Some shell scripts

Exit codes

Your program should exit with 0 if successful, some other number otherwise. The statement exit without a code leaves the code undefined. If you use an exit code in one place, you must give one for all exit statements.

Checking arg counts

if [ $# -ne 3 ]
then
    echo "Usage: $0 arg1 arg2 arg3
    exit 1
fi

test $# - ne 3 && echo Usage: $0 a1 a2 a3 && exit 1

Checking arg type

if [ ! -r $1 ]
then
    echo $1 is unreadable
    exit 2
fi

Strings and pipes

echo "..." | ...
cat file | ...

The first sends an explicit string down a pipeline, the second sends the contents of a file down a pipeline.

sed

sed is often used to delete text from lines, or to keep some text in lines.

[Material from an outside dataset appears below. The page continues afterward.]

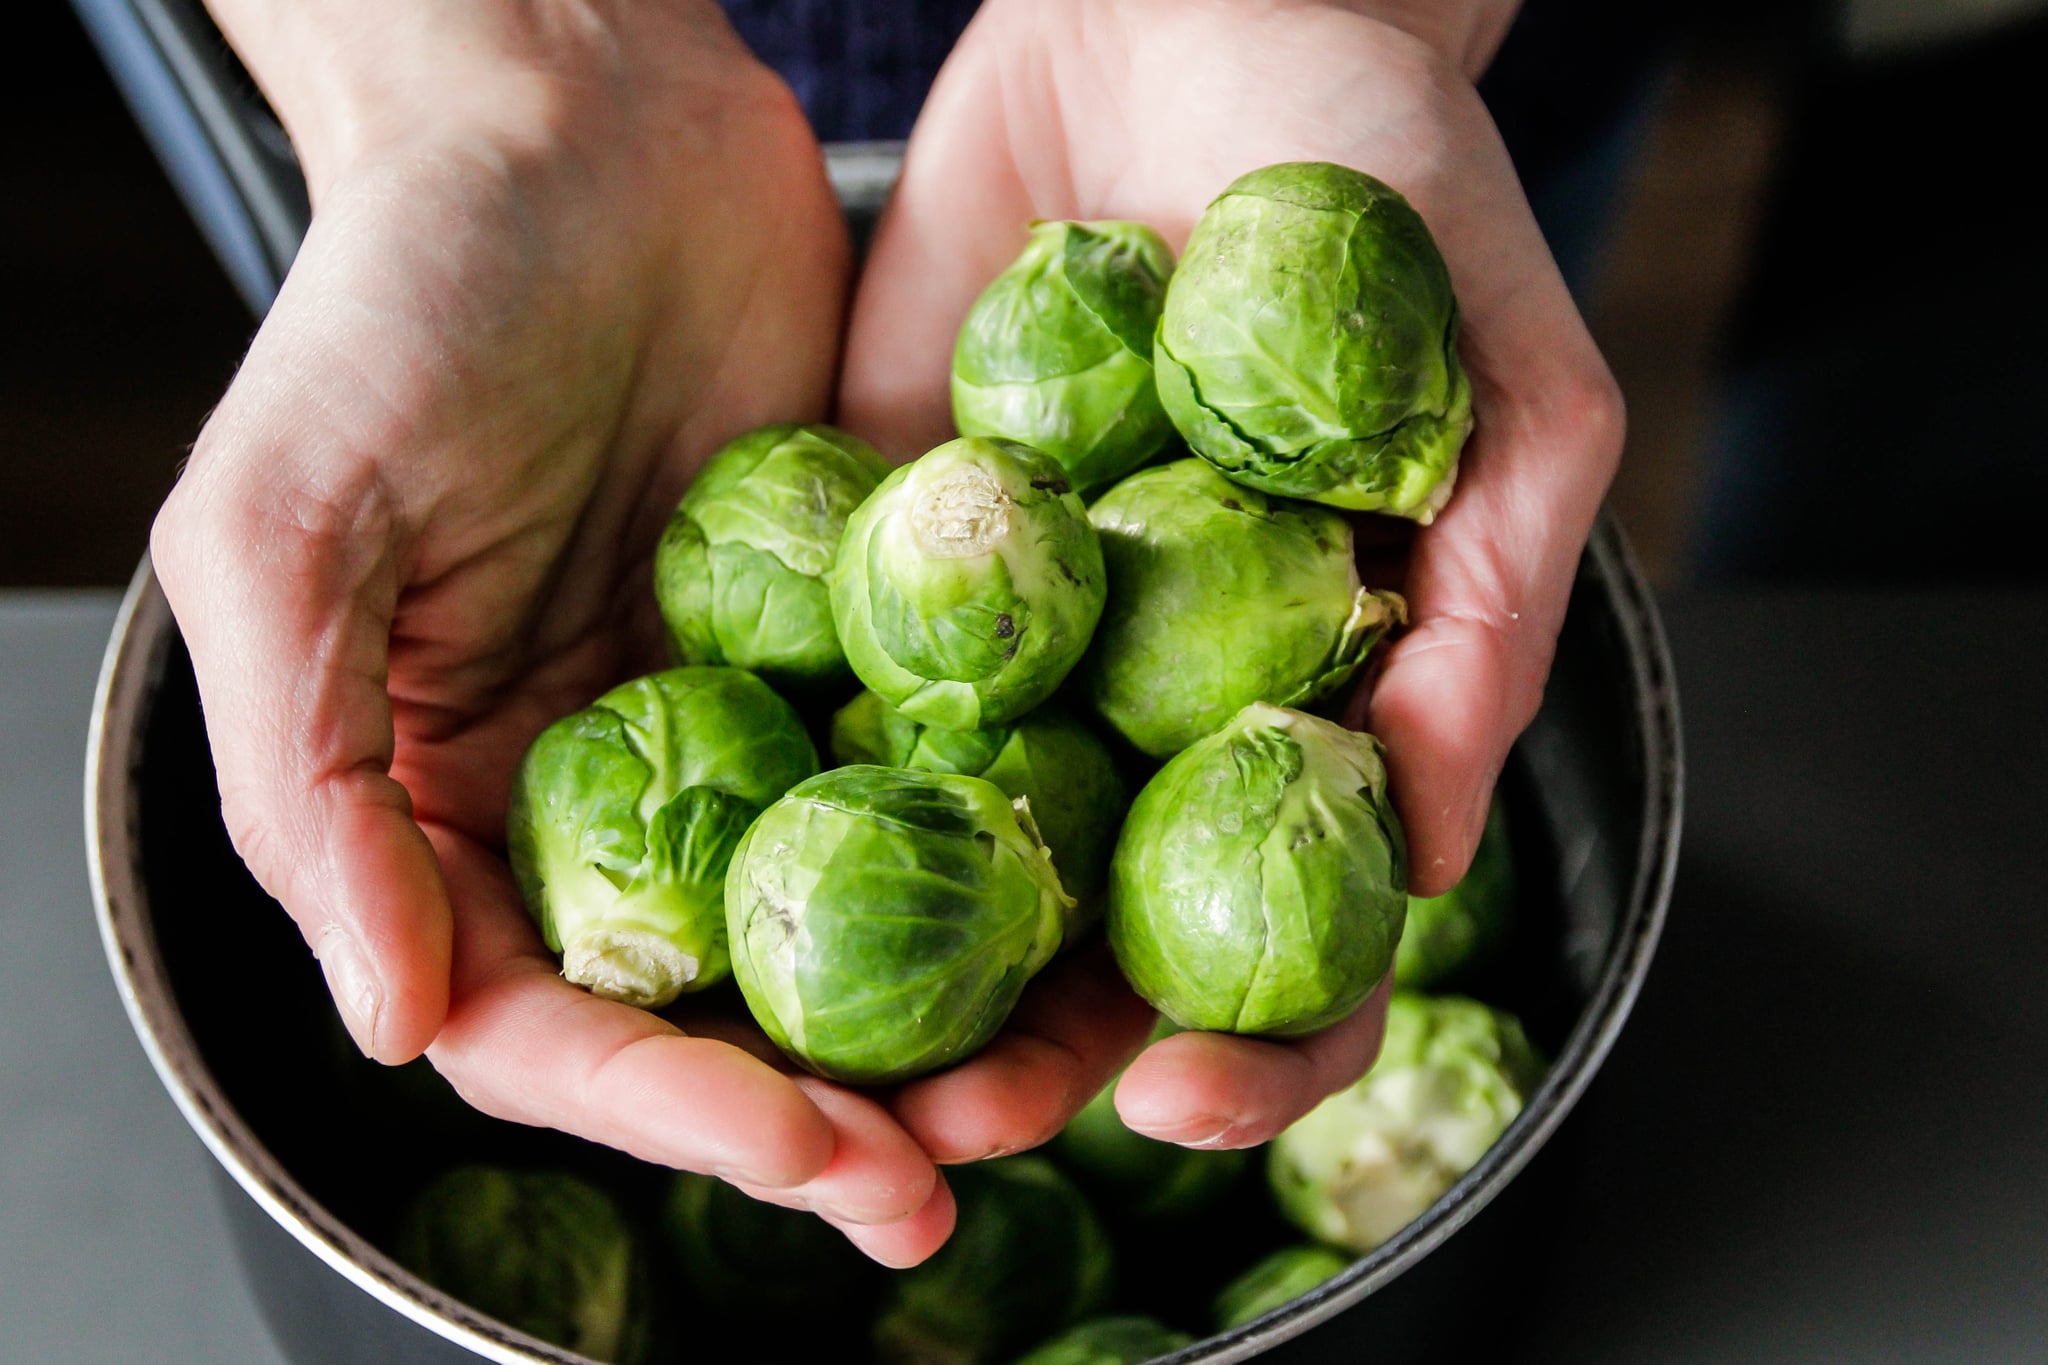 Are brussels sprouts good for you?

To delete text, you match the text and replace it with nothing.

sed 's/text//'

To keep text, you match it and save it as \1, \2, etc. The rest of the text is matched as well. The replacement text is only the saved stuff.

sed 's/stuff\(text\)stuff/\1/'

Loops

Loops can be for or while loops.

Write a shell script that lists all the executable files in the current directory

for file in `ls`  # or for file in *
do
    if [ -x $file ]
    then
	echo $file
    fi
done

ls |
while read file
do
    if [ -x $file ]
    then
	echo $file
    fi
done

Problem statement

Whenever I go for promotions interviews, one question I get is: "Is there any value in placing lectures, software, etc, on the Internet?" One way of answering this is by student surveys. Another is by analysis of the access_log to my Web server.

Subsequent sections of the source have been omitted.